Second argument: Let $\varepsilon>0$. Consider $$ \sum_{k=1}^\infty X_k = \sum_{k=1}^K X_k + \sum_{k=K+1}^\infty X_k \overset{\text{respectively}} = U+V. \tag 1 $$ Choose $K$ so large that

$$\sum_{k=K+1}^\infty \mu_k<\varepsilon.\tag 2$$

The Borel–Cantelli lemma tells us only finitely many terms of the last sum in $(1)$ are positive, so $\Pr(V=\infty)=0$, and (since it's a non-negative integer-valued random variable) Markov's inequality tells us that $\Pr(V\ne0)\le [\text{the sum in }(2)] < \varepsilon$. So

\begin{align} & \Pr\left( \sum_{k=1}^\infty X_k = x \right) = \Pr\left( \sum_{k=1}^K X_k = x\text{ or } [V\ne0\ \&\ \cdots\cdots]\right) \\[10pt] \le {} & \Pr\left( \sum_{k=1}^K X_k = x\right) +\varepsilon \end{align} where the precise content of "$\cdots\cdots$" need not trouble us much. [I just realized that the inequality $\left[\vphantom{\frac11}\Pr\left( \sum_{k=1}^K X_k = x\right) \le\text{the first expression above}\right]$ is not obvious, if indeed it's true.
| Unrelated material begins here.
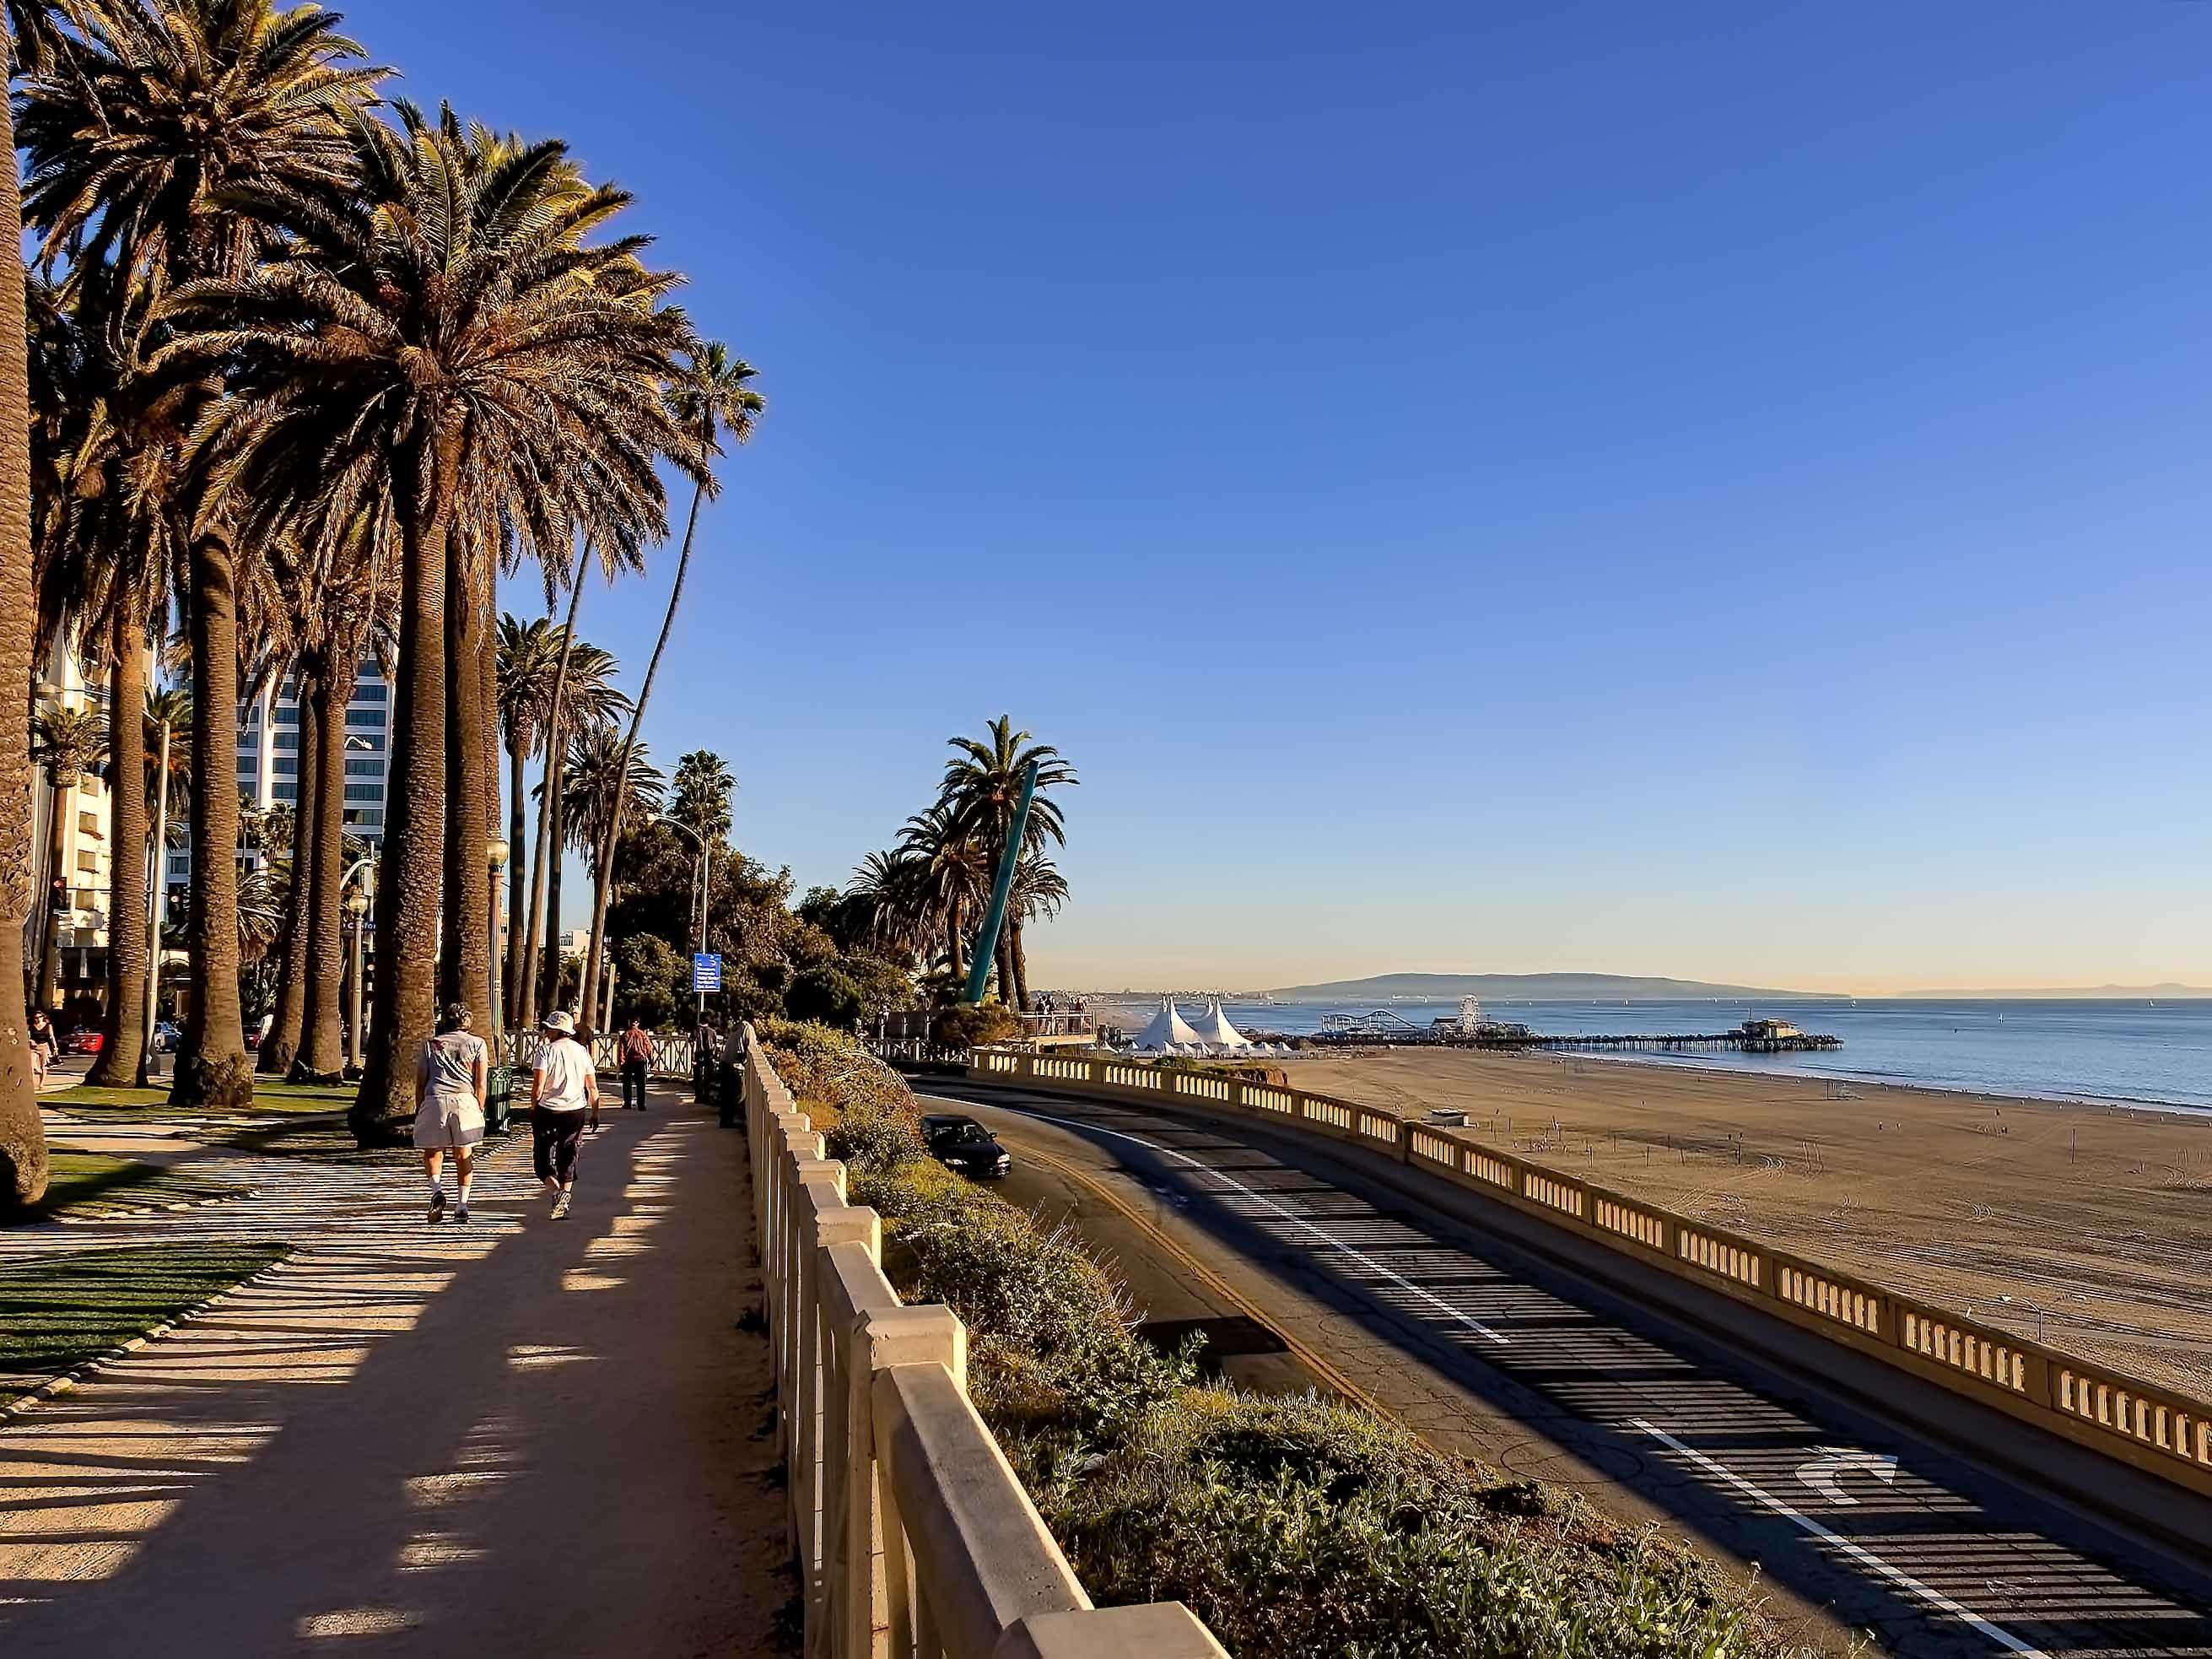 Palisades Park, Los Angeles

I've deleted it and for not there is a gap in this argument. I'll be back$\ldots$] Hence $$ \left|\frac{(\mu_1+\cdots+\mu_K)^x \exp(-(\mu_1+\cdots+\mu_K))}{x!} - \frac{(\mu_1+\cdots)^x \exp(-(\mu_1+\cdots)}{x!} \right| < \varepsilon. $$ Hence $$ \left| \Pr\left(\sum_{k=1}^\infty X_k = x\right) - \frac{(\mu_1+\cdots)^x \exp(-(\mu_1+\cdots)}{x!} \right| < \varepsilon. \tag 3 $$ Since the left-hand side of $(3)$ does not depend on $\varepsilon$ and $(3)$ is true no matter how small $\varepsilon$ gets, the expression on the left must be $0$.

$\blacksquare$